Everything is saved & goes to friends. Some feathers are used for fly-tying. Some is transformed to beautiful jewelry (feathers, spurs & toenails) & some of it is used for Pow Wow regalia. Some are used for wall-mounts or otherwise displayed.


----------



## Firefighter (Feb 14, 2007)

Beards end up getting thrown away. 

Tails go to anyone that wants one for a decoy, fly tying, decor, etc.

Spurs either become necklace or onto the spur chain, which is about 30 gobblers long right now.

Reckon I'll figure out an effective display one day.


----------



## Firefighter (Feb 14, 2007)

Necklace


----------



## multibeard (Mar 3, 2002)

I used to dry pick my turkeys and give the feathers to a native American friend. He has passed t so, I now scald my turkeys and ruin the feathers. The beards and spurs are saved in a box.

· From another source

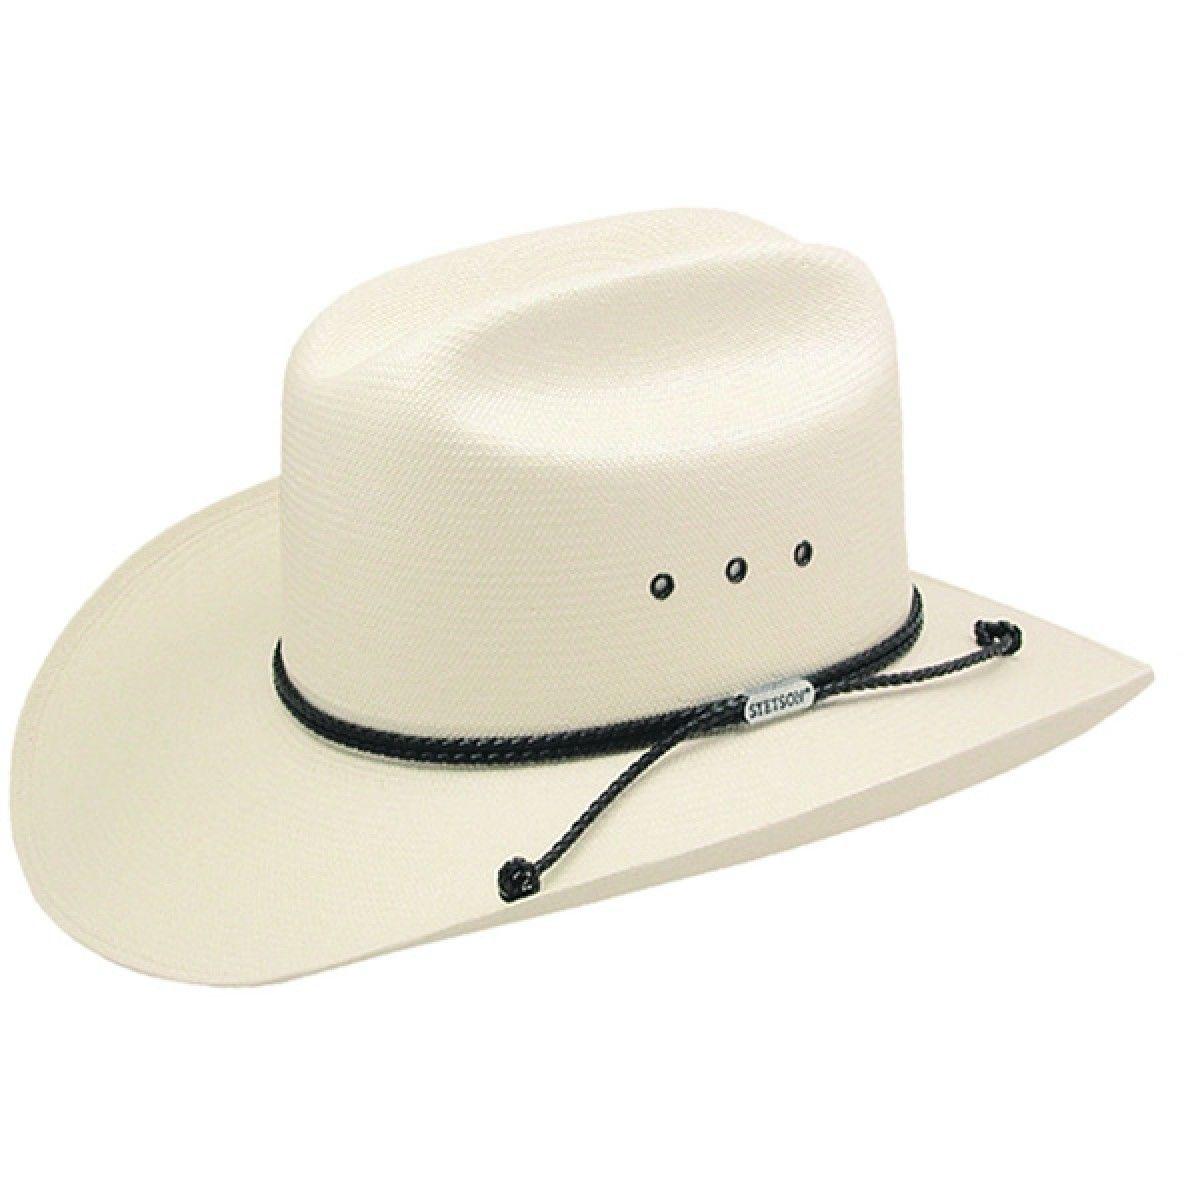 Stetson Carson - (10X) Straw Cowboy Hat  bc8c1ce7fc97

I used to make beard boards that I donated to the MWTHA at Baldwin. I never made one for my self. There are a some pictures of them in my pictures but I can not seem to get them to post.


----------



## Gobblerman (Dec 19, 2004)

Beard board from Multibeard


----------



## multibeard (Mar 3, 2002)

Thanks

We need to make an extension for that board before the pegs pull out. BTW No need for muck boots now.


----------



## Gobblerman (Dec 19, 2004)

I have 45 beards attached now. 

Muck Boots - Yea the restaurant is going to open 5/22. It's coming along very well and looks great.


----------



## TheLionsFan (Dec 20, 2011)

That's awesome looking Gobblerman!

I mount the tail fan and beard from every bird I shoot. My wife hates it. They're my trophies.


----------



## Thirty pointer (Jan 1, 2015)

The tail is from my first turkey .No bird last year they have been on a downward spiral the last 5 years or so .Went from flocks of 50 to zip .No gobbling this year either but I just seen a couple hens .I took the late season hoping to bag a lonely tom after the hens start sitting


----------



## Gobblerman (Dec 19, 2004)

Here's some other ways I display the some beards and fans. I have one for every state I've taken a gobbler. So far 6 states.


----------



## bigrackmack (Aug 10, 2004)

Had my sisters kid whip this together for me..


----------



## Gobblerman (Dec 19, 2004)

That's nice.


----------



## QDMAMAN (Dec 8, 2004)

Ya can't eatum, just throw um away.


----------



## DEDGOOSE (Jan 19, 2007)

Spurs over 1.5 I keep. Beards I have good intentions but usually mites in the garage eat well. Lol 

Handful years back, sal was saving our beards from out west. Both doors in back seat are full. I see it in may while hunting back home, prolly 18 or so. And I'm like how in the hell we gonna explain this if we get stopped. Dumpster they went


----------



## dkirs (Aug 14, 2013)

Thanks for the replies guys now I have some good ideas! I have a few years before my collection will look like your guy's though!


----------



## Bullet6911 (Jul 1, 2012)

this is part of my collection of beards and fans, I have 2 turkeys at taxidermist yet but I'm finally getting around to set up my fans in my trophy room. Still up In air a little on what I'm gonna do.


----------



## john decker (Jan 21, 2010)

I put the beards in the lucky shell like multibeard. I cut the hulls down like he has done also and glu them into the shell with 5min epoxy.then I clean the skin and sinew and marrow from the spurs.drill a 1/8" hole through the brass of the shell and pass through 7in of leather shoe lace put one spur on each side like the necklass pics here.hang on a nail or peg for display.


----------



## Horseshoe (Oct 15, 2003)

Combined a few other ideas into this.


----------



## cedarlkDJ (Sep 2, 2002)

You can play around with the little one's feet too.
Hat hangers....










One finger salute.....










Back scratcher.....


----------